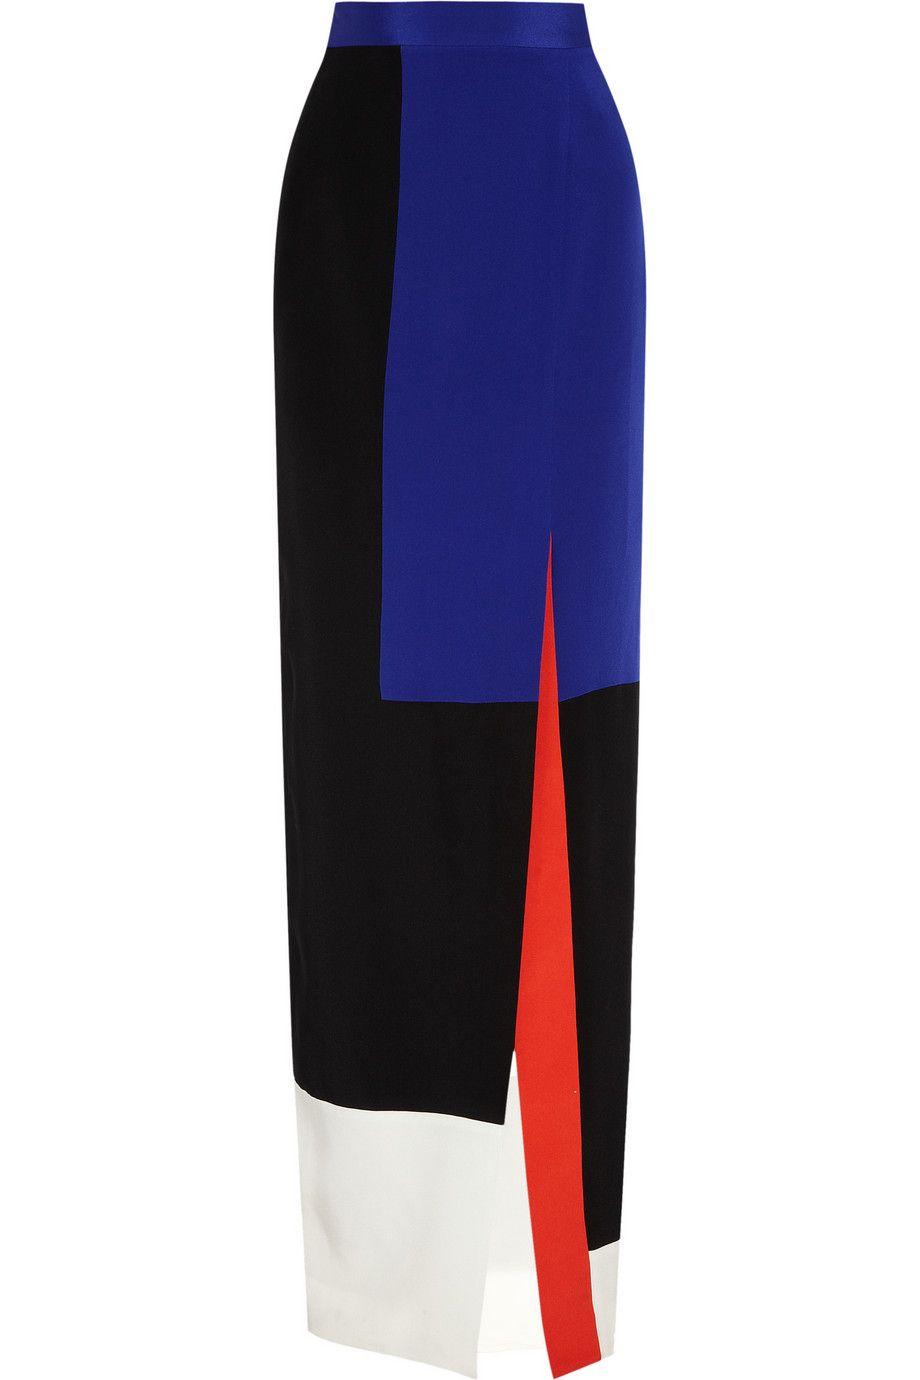 Roksanda Ilincic Color-block silk maxi skirt NET-A-PORTER.COM
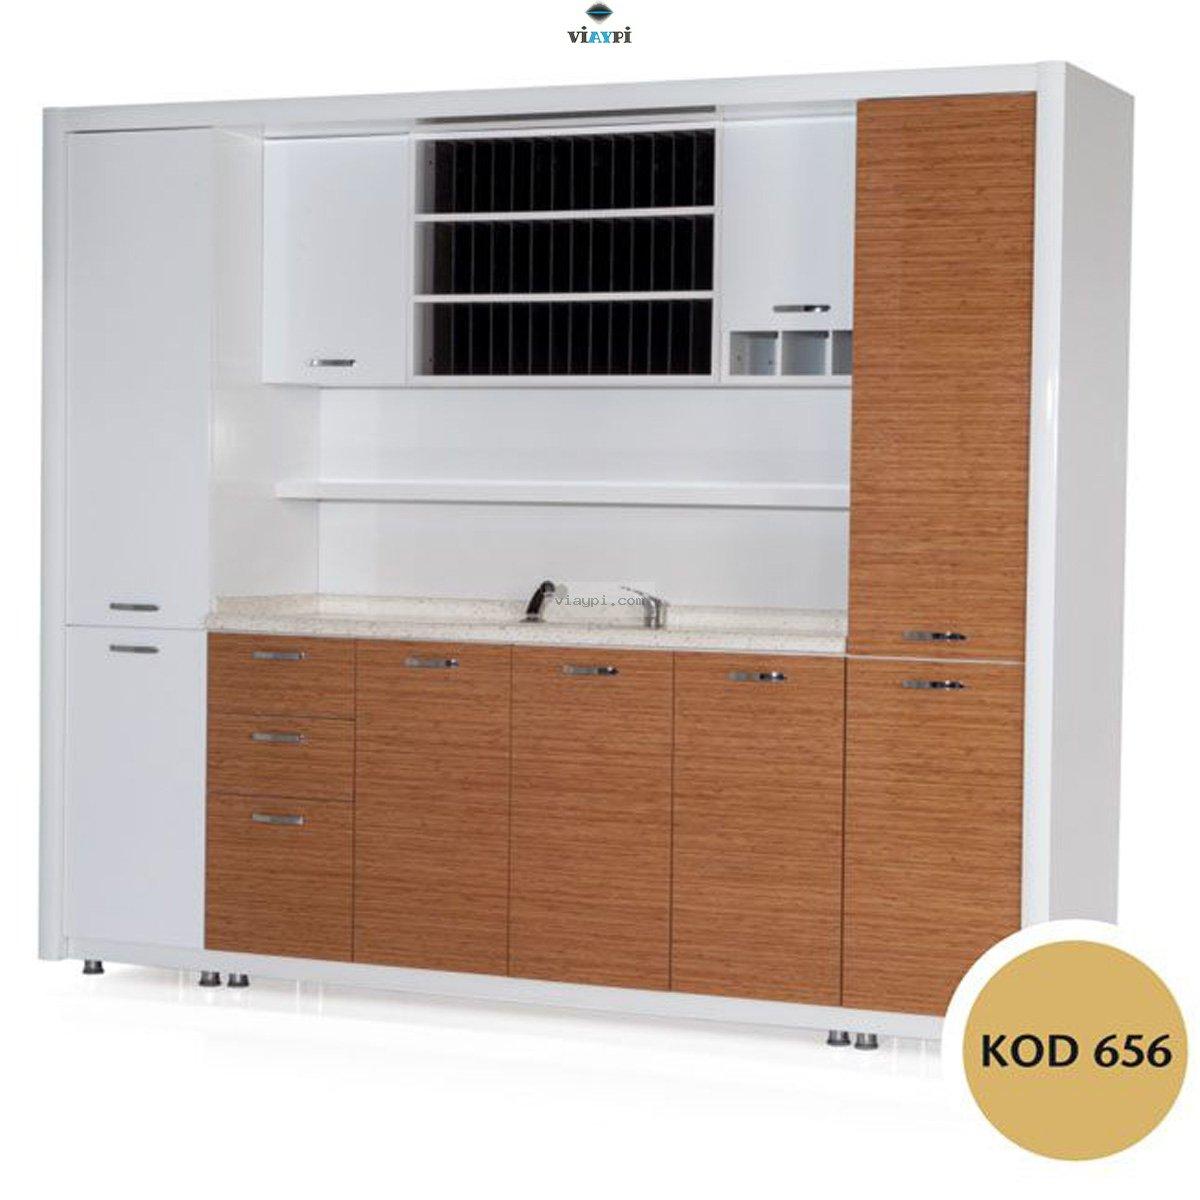 Laboratory Vyp-r2
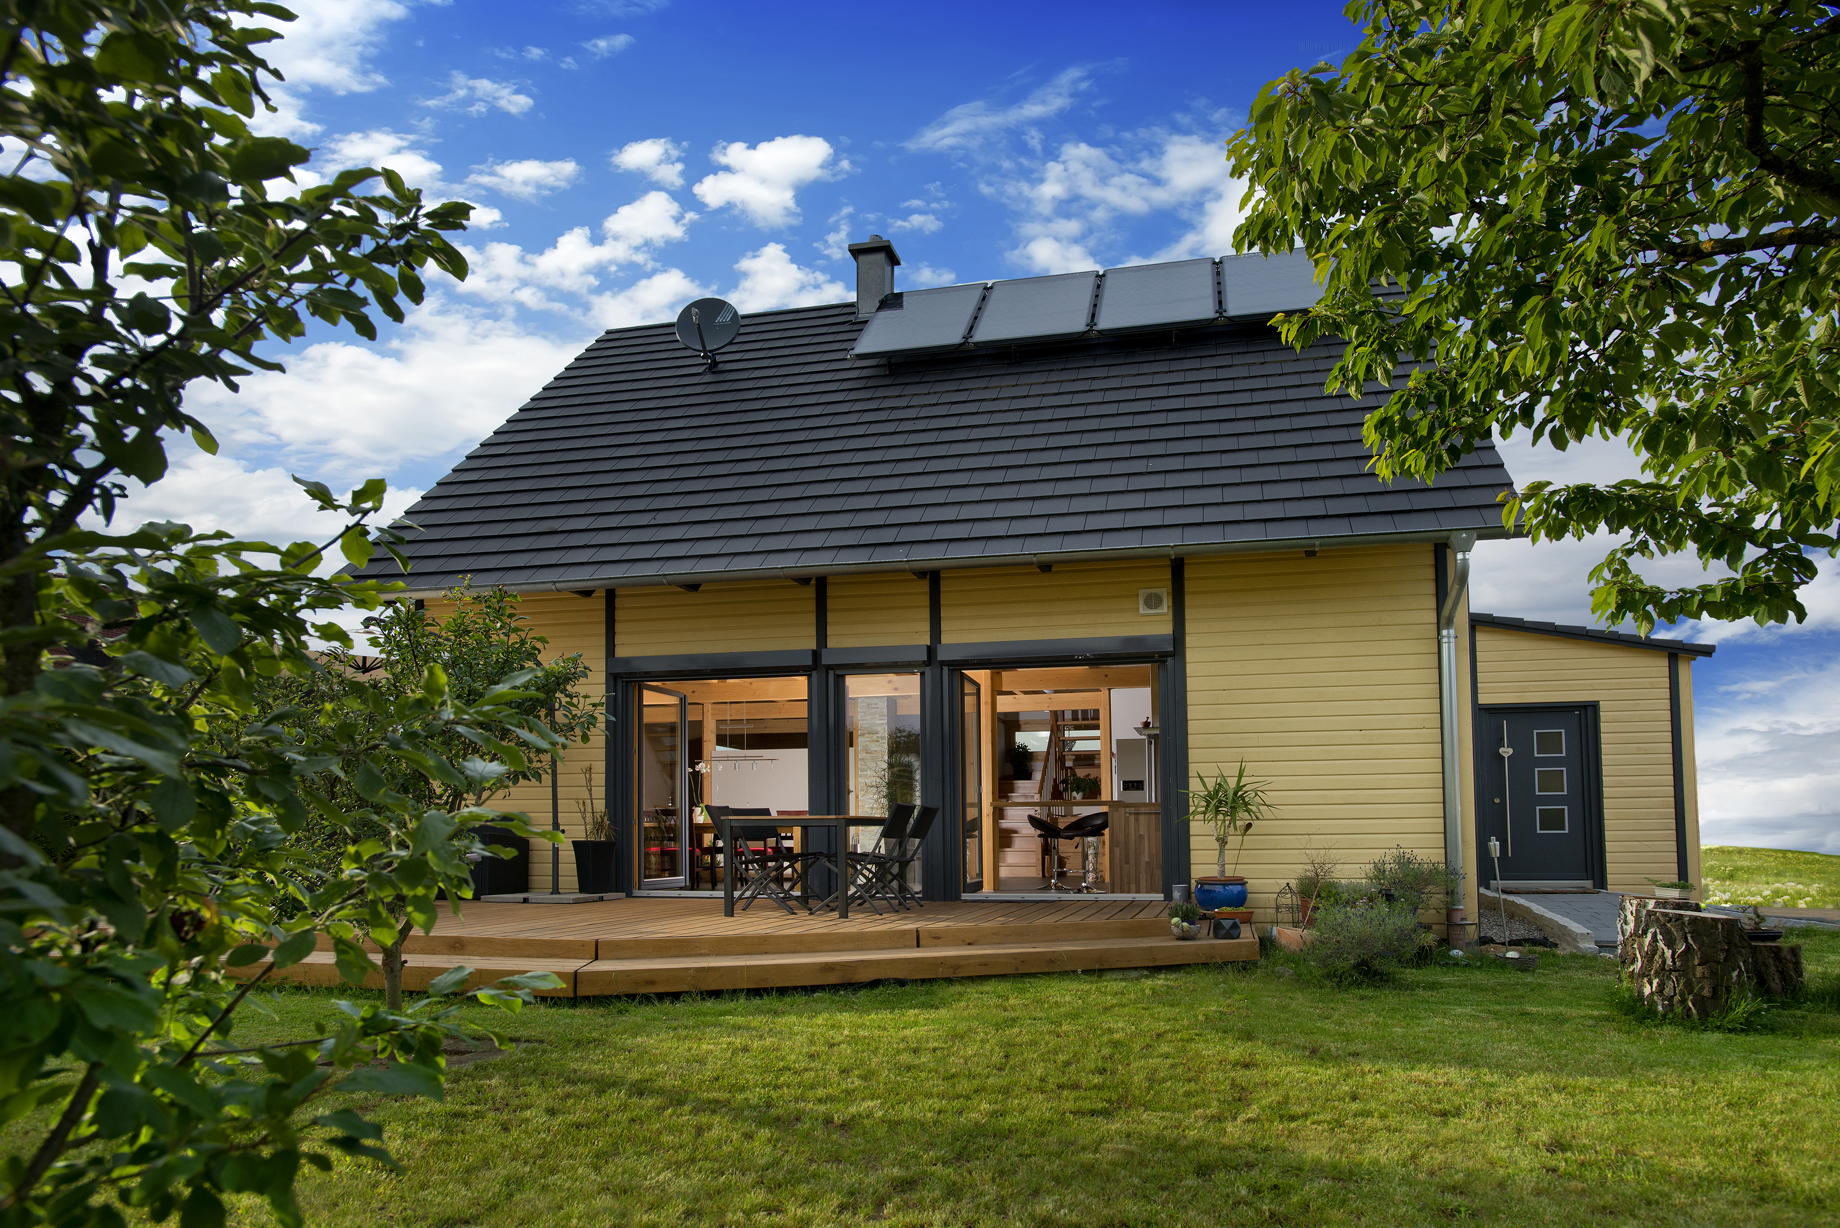 Holzhaus Pleinfeld: Einfamilienhaus
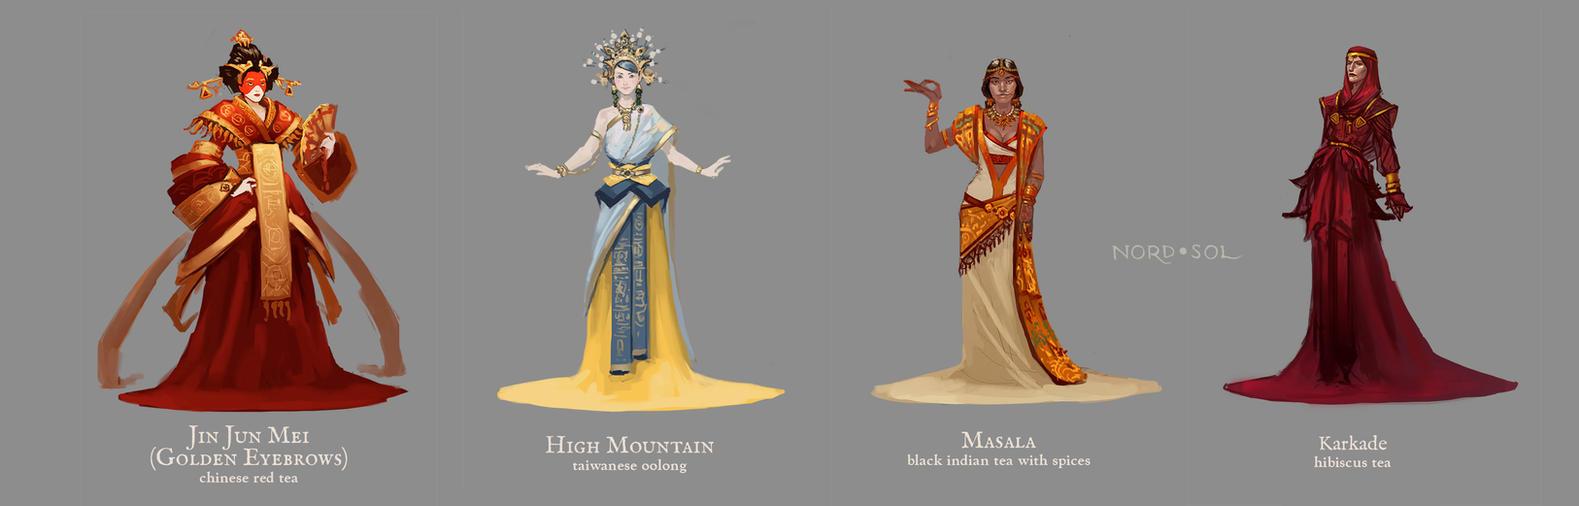 Tea Princesses Part 2 by Nord-Sol

################

Within the listing above, find the line containing "Laboratory Vyp-r2", then print it and every line after it exactly, leaving out pictures.

*Result for this exercise*
 Laboratory Vyp-r2
 Holzhaus Pleinfeld: Einfamilienhaus
 Tea Princesses Part 2 by Nord-Sol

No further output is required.